New Year’s celebrations in Belgrade: Out with the old, in with the new

The city that has been declared one of world’s best for nightlife is building on its reputation with public New Year’s parties that started a week before 31st December.

As a warm-up, the city organises a series of concerts on Republic Square from 25th to 29th December .

Some of the acts set to perform include blues gurus Texas Flood, hip-hop stars THC La Familia, Prti BG, and Bwana, indie rock legends Kanda Kodza i Nebojsa, and DJs Kristijan Molnar and Danijel Cehranov.

Part one of the New Year’s celebration will take place on the Sava River Promenade, the new pedestrian area of the Belgrade Waterfront complex, located right on the river.

The concert, no doubt aimed at throwing a positive light on the controversial project, will feature popular Serbian rock bands Orthodox Celts and Nicim Izazvan.

Foreign tourists in Belgrade with a taste for traditional Irish music should check this one out because, although home grown, Orthodox Celts are known for doing an amazing job at interpreting Irish folk classics in a hard rock style and their shows are always fun.

The party continues the next day with city officials putting on a curtain raiser to set the mood for the main event on Sunday.

This gig in front of parliament and features well-known musicians and bands, most notably the rock band Van Gogh, who, having been around since the mid-1980s, and have had more hits over the years than you can count on both hands.

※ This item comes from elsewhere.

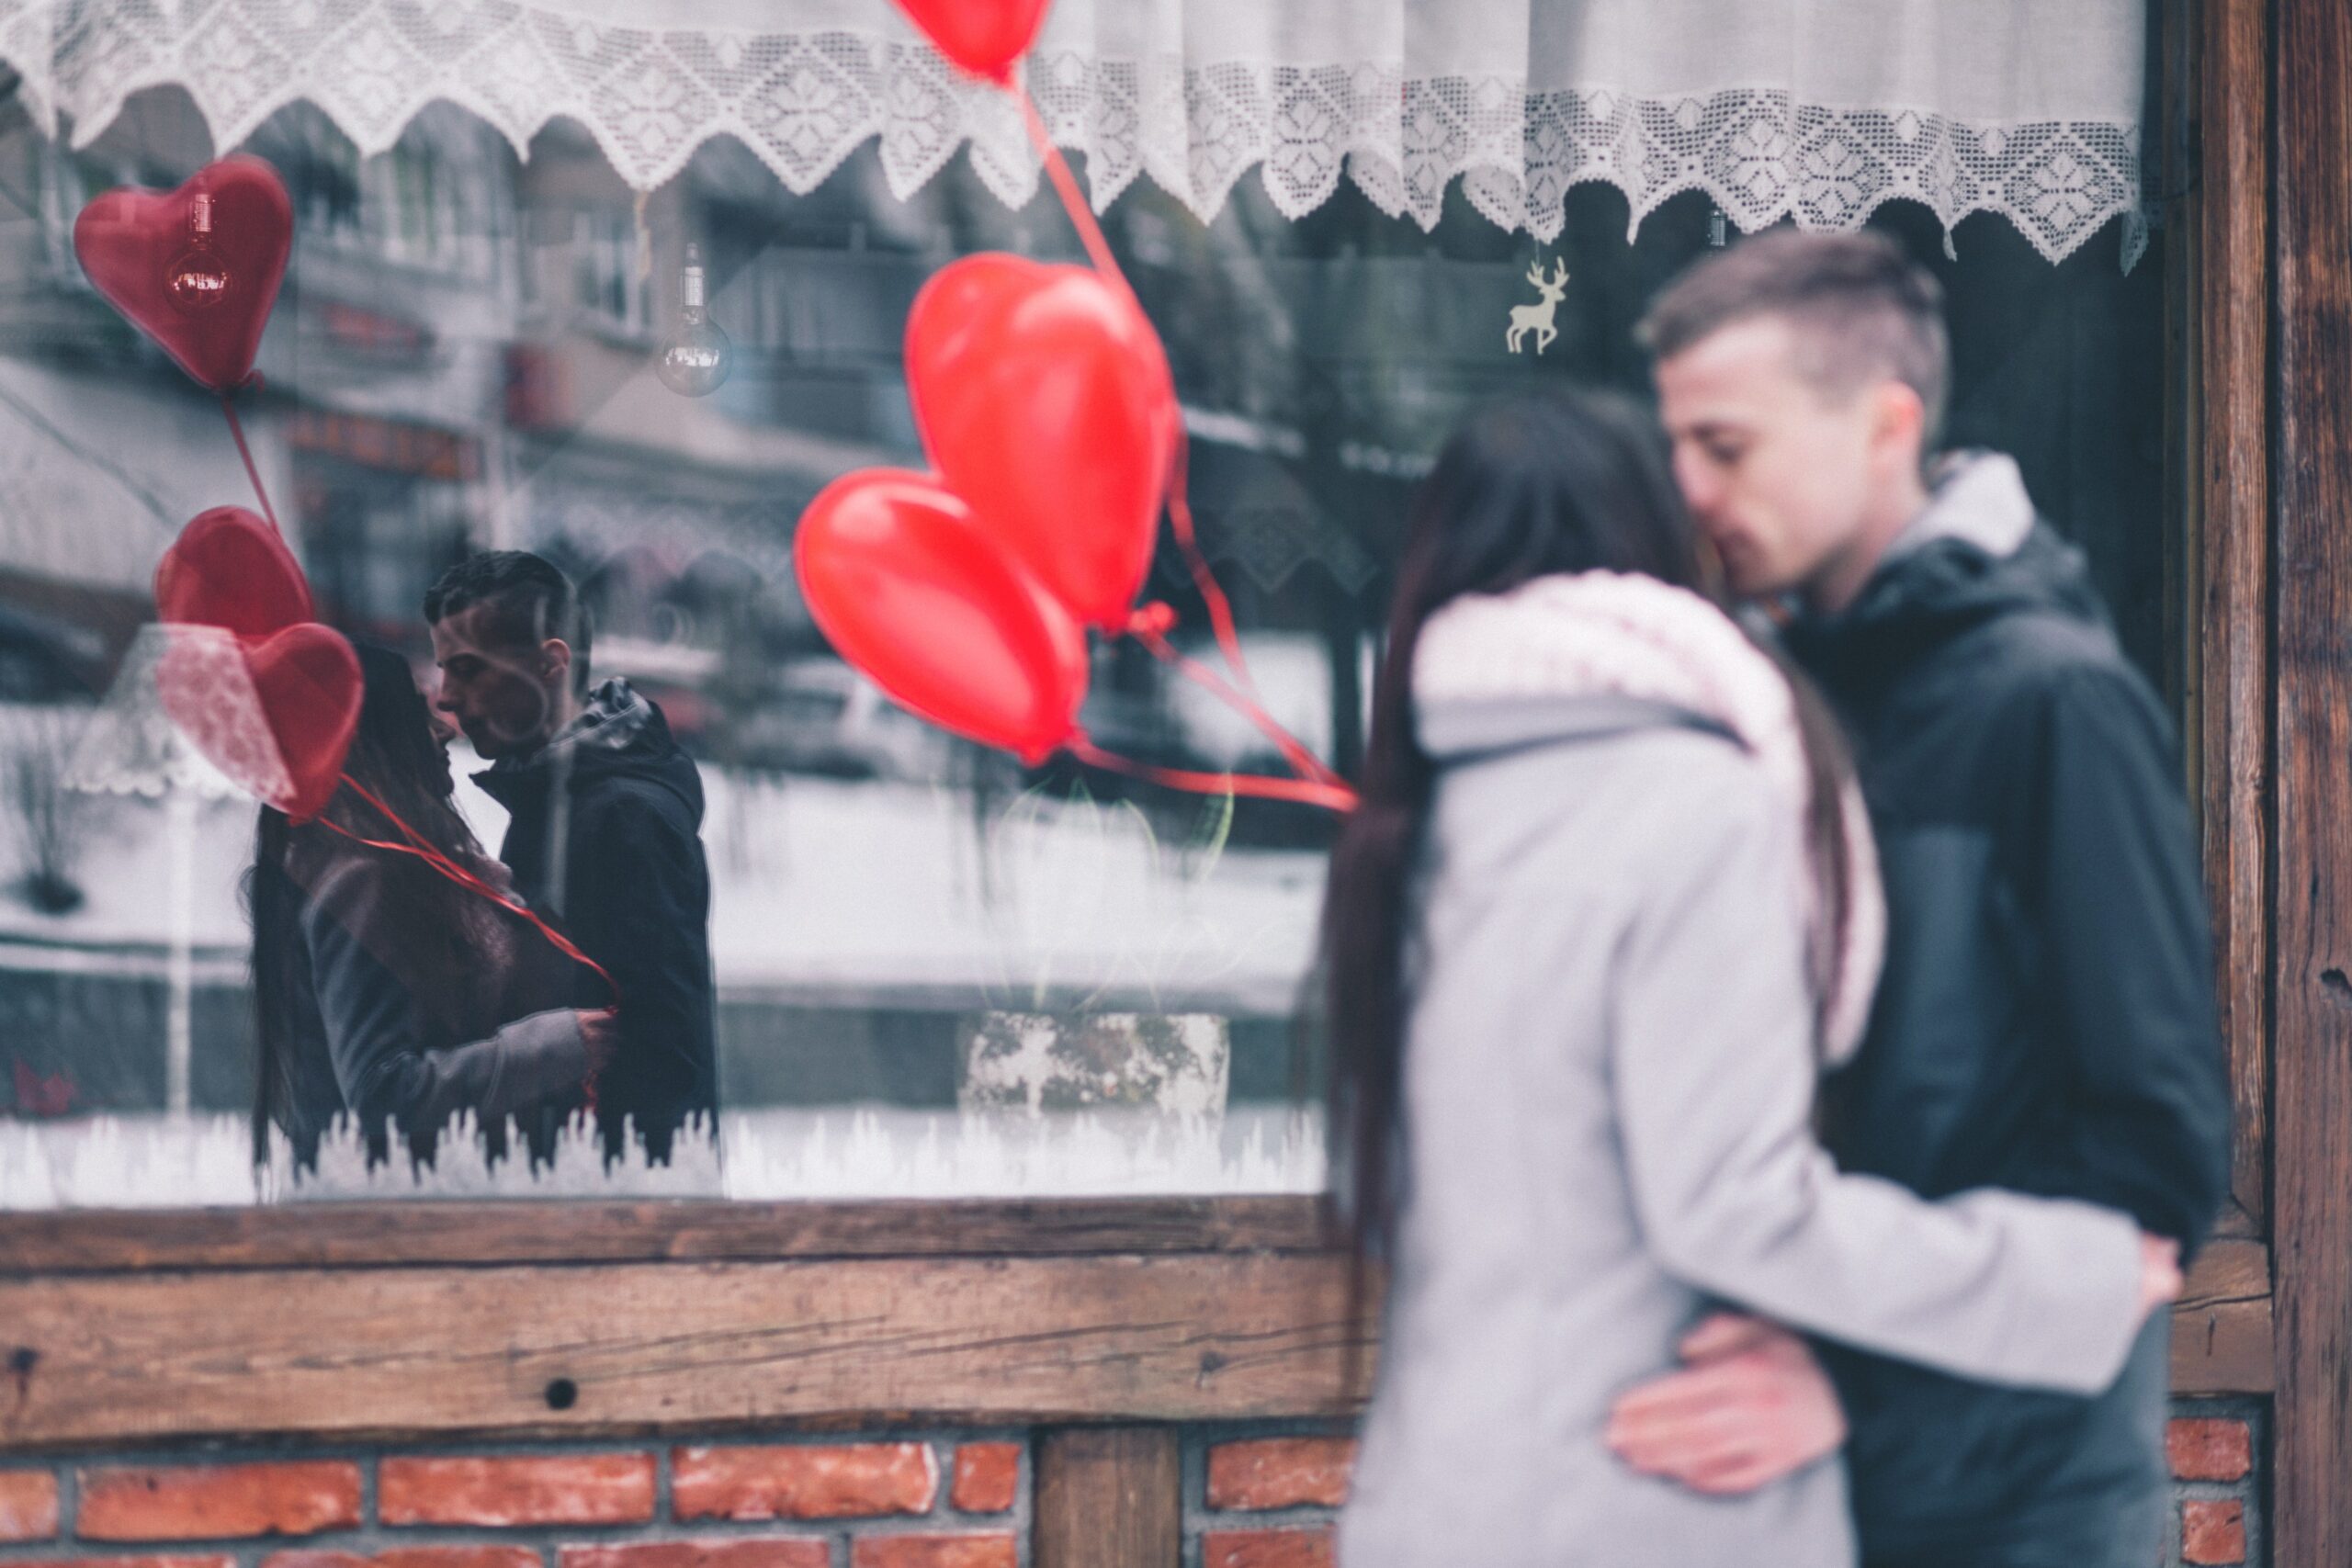 Photo of couple kissing with reflection on window pane. They are holding 3 heart shaped balloons.

For those who don’t like rock on a cold winter’s night and prefer warmer, pop sounds, former Yugoslav band Zana will offer a retrospective of their best hits, old and new.

The third act for the night is Zeljko Samardzic, pop singer and the king of International Women’s Day concerts who authored songs that work just as well in intimate, smoky pubs as they do in large arenas

When Sunday finally arrives, so does the biggest party. For those who decide to ditch the clubs and bars and don’t have a private party to go to, Belgrade has something special.

Instead of the has-been international act that people might reluctantly turn up for, the city has gone ultra-populist, offering shows by two of the biggest musical acts in these parts – Riblja Corba and Aca Lukas.

Riblja Corba could be said to be the most popular rock band of former Yugoslavia and has been filling stadiums for the better part of 40 years.

Aca Lukas is equally huge and popular, but in different circles. If he isn’t the king, he’s certainly royalty when it comes to Serbian folk and the supreme ruler of Belgrade “splav” culture.

In fact, his pseudonym, Lukas, [real name iAleksandar Vuksanovic] comes from the name of the splav he cut his teeth on back in the day, one of the first and most popular floating discos in the city.

While it may seem like the two main acts are polar opposites, Serbian pop culture and music actually intertwine to a big extent and there’s a real possibility that 80 per cent of Riblja Corba fans know the words to every Aca Luka hit and vice versa.

If none of that floats your splav, there’s one more party on 31st December, with a different vibe. Jazz and classical fans will get to send off 2017 at the Sava Centre, where top orchestras and soloists will play popular pieces in an event called, with a wink, “Classy Celebration of New Year.” Admission is free.

If you have any energy left on 1st January, check out the traditional event called “Open Heart Street” in Svetogorska, a charity event for children [and everyone else] with music, shows, candy, costumes, magicians, clowns and street food.